C'est ainsi que les services du Premier Ministre ont commenté les résultats de la journée de grève du 22 mai dernier.

"Grâce à l’obligation de se déclarer en grève 48 heures à l’avance, les sociétés de transports, tout particulièrement en région parisienne, ont pu organiser le service et informer leurs clients en temps et en heure. Ainsi, ce sont des milliers de Français qui ont pu se rendre à leur travail, sans que soit mis en cause ni le droit de grève ni le droit d’expression des grévistes", a déclaré le Premier ministre."


dimanche 25 mai 2008

Retraite : contre-propositions

Un collectif de salariés a proposé voici plusieurs jours un ensemble de contre-mesures relatives à la réforme des retraites.

Voici leurs principales propositions. L'intégralité de l'appel est consultable ici.

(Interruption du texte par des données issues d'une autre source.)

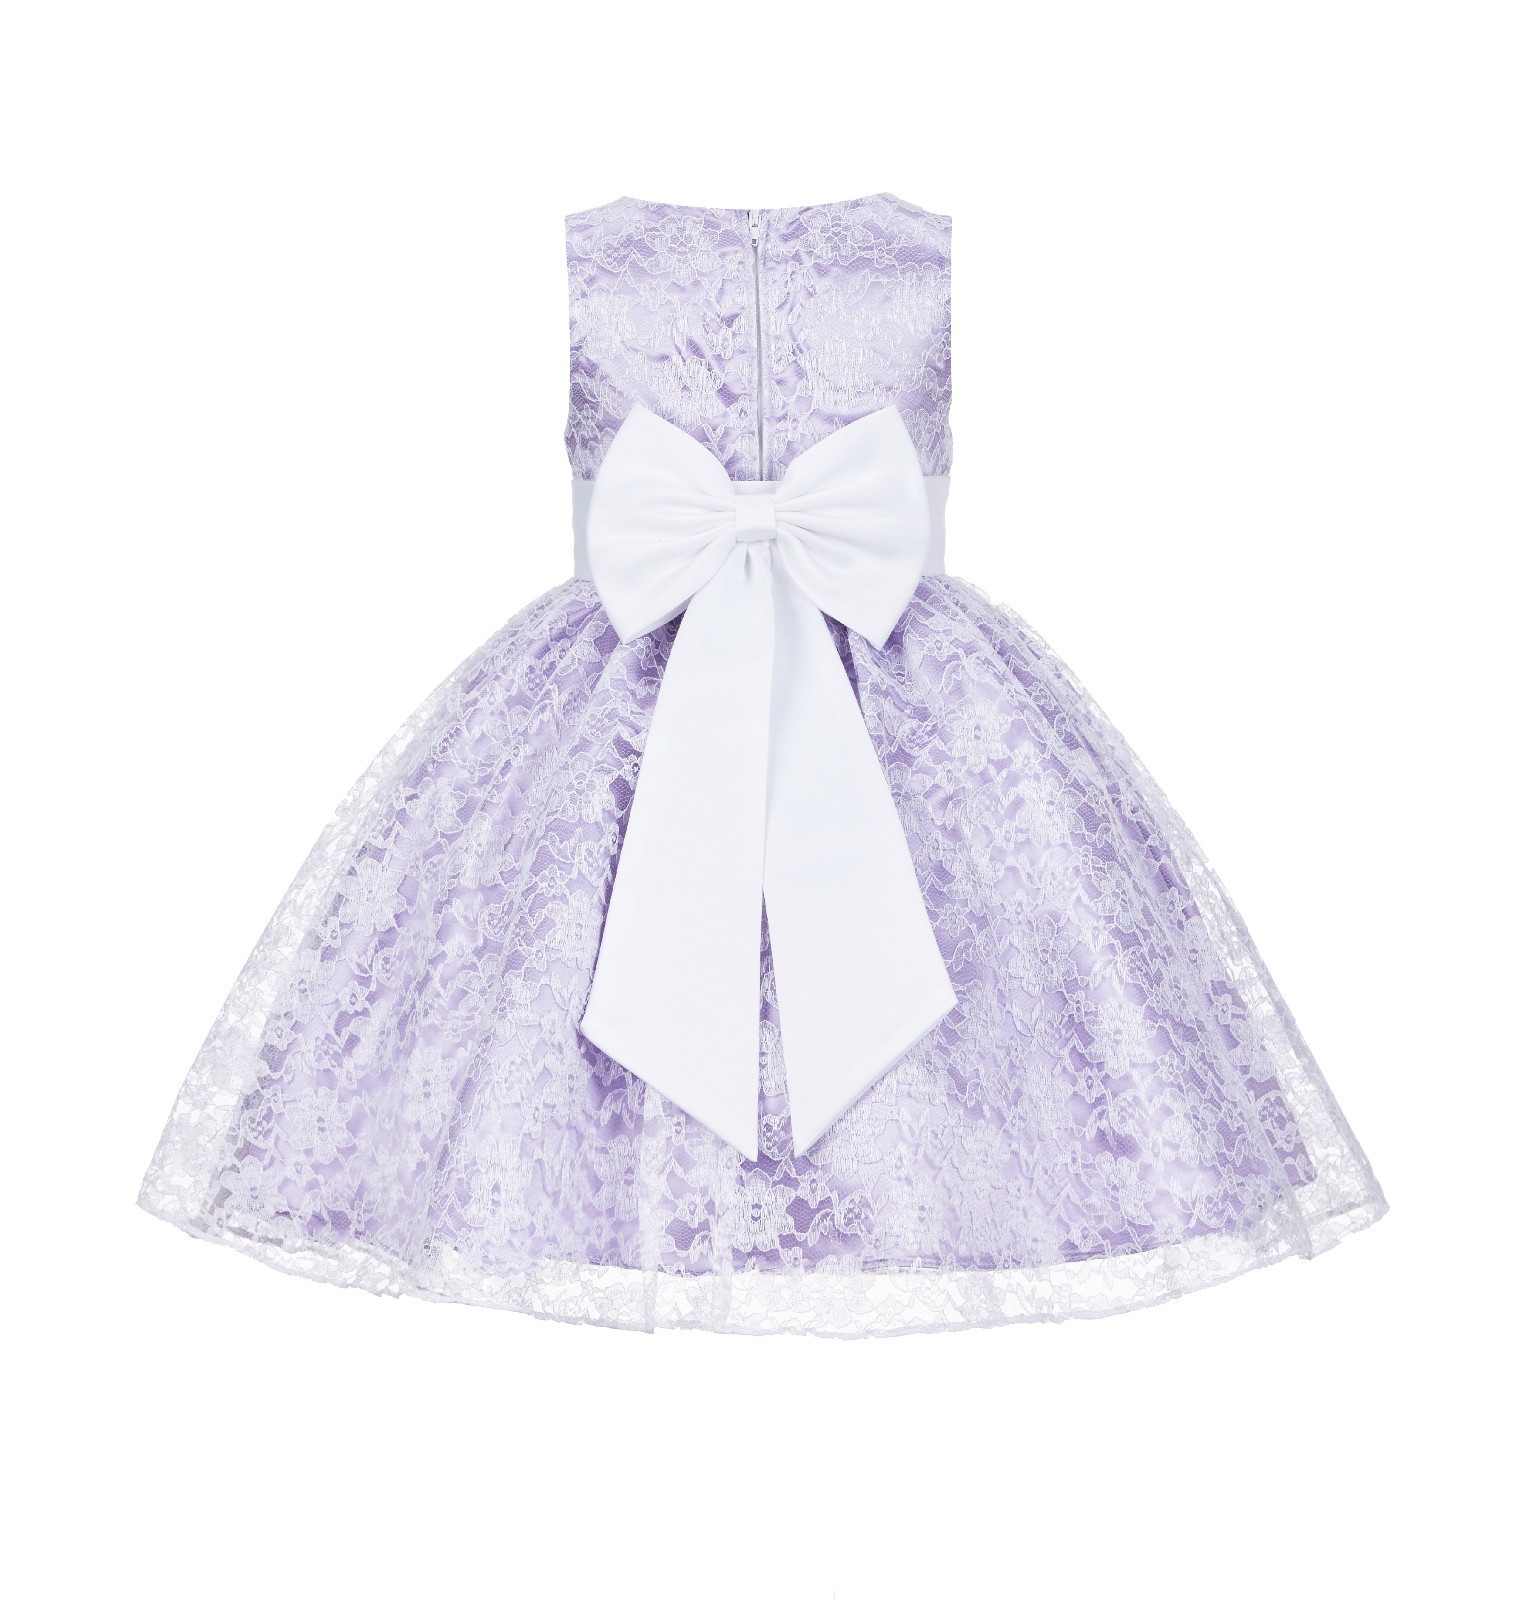 Lilac/White Floral Lace Overlay Flower Girl Dress Elegant Beauty 163T

1- Taxation immédiate des stock-options ("perte de recette aux alentours de 3 milliards d'euros").
2- Apurement des dettes de l'Etat, supérieures à 10 milliards d'euros, qu'il a cumulées à l'égard de la "Sécu" en ne compensant pas systématiquement les exonérations de charges (rapport Cour des Comptes).
3- Transfert des sommes non versées issues des privatisations depuis 2002 vers le fond de réserve des retraites.
4- Rééquilibrer la répartition des impôts et charges entre capital et travail
5- Supprimer les "niches" fiscales (254 "niches" permettent à 3900 contribuables d'échapper à tout impot sur le revenu, privant l'Etat de 43 milliards de recettes).
6- Aligner la retraite des députés sur le régime général


Sarkozyste déçu


Et votre retraite ?

Le mouvement de grève du 21 mai fut l'occasion, pour certains médias, de se pencher sur certaines retraites. Ainsi Bakchich.info s'intéresse à celles de quelques grands patrons.

Daniel Bouton (58 ans), PDG de la Société Générale relégué à un poste honorifique suite à l'affaire Kerviel, touchera une retraite de 723 750 euros par an. Autre exemple, les engagements de retraite d’Alcatel Lucent pour ses dirigeants "atteignaient à la fin de l’année dernière 40,2 millions d’euros, dont 28,1 millions pour les membres du conseil d’administration."

LE FIGARO préfère expliquer à ses lecteurs la légitimité des réformes (tout en leur suggérer d'optimiser fiscalement la leur): "À plus long terme, les calculs du Conseil d'orientation des retraites, qui intègrent le passage à 41 ans de cotisation, restent inquiétants pour 2020-2050"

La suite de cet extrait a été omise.